Our overarching goal is to integrate development of robotic assisted training devices with the most effective training paradigm for recovery of hand function. It is therefore important to compare the changes in JTHF time in this current study to other studies performed in our lab. In a former study of comparable duration, that trained the hand only, the subjects showed a 10% improvement in the time of the JTHF , while in this current study that trained the arm and hand simultaneously, there was a 24 sec decrease in the time to complete the JTHF achieved by the subjects in this study, which was equal to a 20% change in the time needed to complete all the items on the JTHF. This decrease in time represents 27% of the difference between the initial scores of the stroke subjects, and the aged matched controls. Moreover, it represents 33% of the difference between the initials scores of the impaired and uninvolved hand. Given this robust improvement as well as the difference between initial scores for the impaired arm and the less impaired arm, one can suggest that functional changes may have occurred secondary to this training. Future analyses would be required to relate this robust change in the JTHF with changes in activities of daily living function.

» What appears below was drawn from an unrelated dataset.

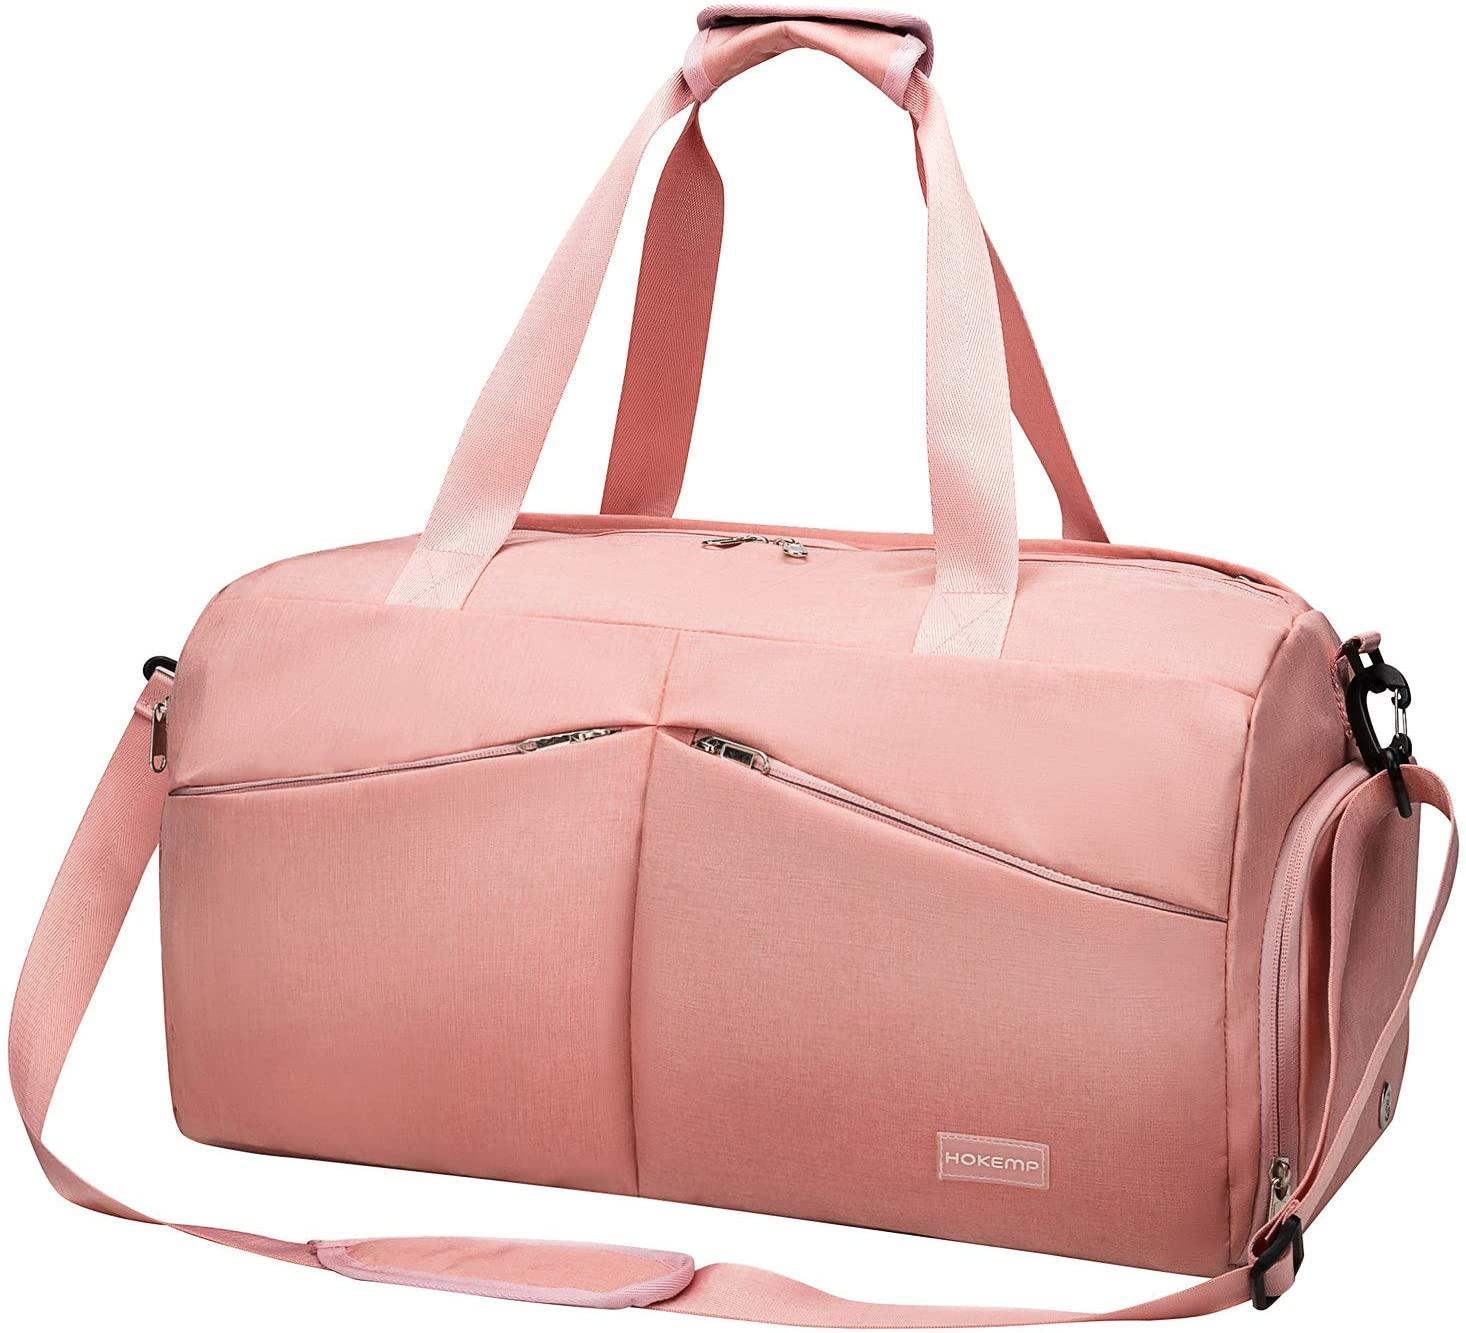 9. HOKEMP Sports Gym Bag Travel Duffel

Essential factors such as the dosage and intensity of the practice, the focus of attention on the movement outcome, and the drive provided by specific algorithms are important to achieving functional outcomes. However, these factors have been similar in our past studies. What was different in this study was the complexity of the movements required to interact with the virtual simulations. When we trained the hand alone, the gaming simulations were very simple activities, requiring only control of wrist and finger movement. Whereas in this study the activities required by the gaming simulations were more complex and required simultaneous control of integrated shoulder, elbow, forearm, wrist and finger movements. These factors appear to have had a substantial, positive effect on our goal of improving hemiparetic hand function.
However, an important question to consider is whether it is the complexity of the simulations or the consistent training of integrated shoulder, elbow, forearm, wrist and finger movements that is responsible for these improvements. This question engenders another possible training variation. Will the findings be as robust if the subjects train on complex activities that only require independent and discrete upper arm movements or hand movements. To answer this question our lab is in the process of initiating a randomized controlled trial testing for the effect of integrated versus isolated training of proximal and distal upper extremity effectors to compare the outcomes with our previous findings.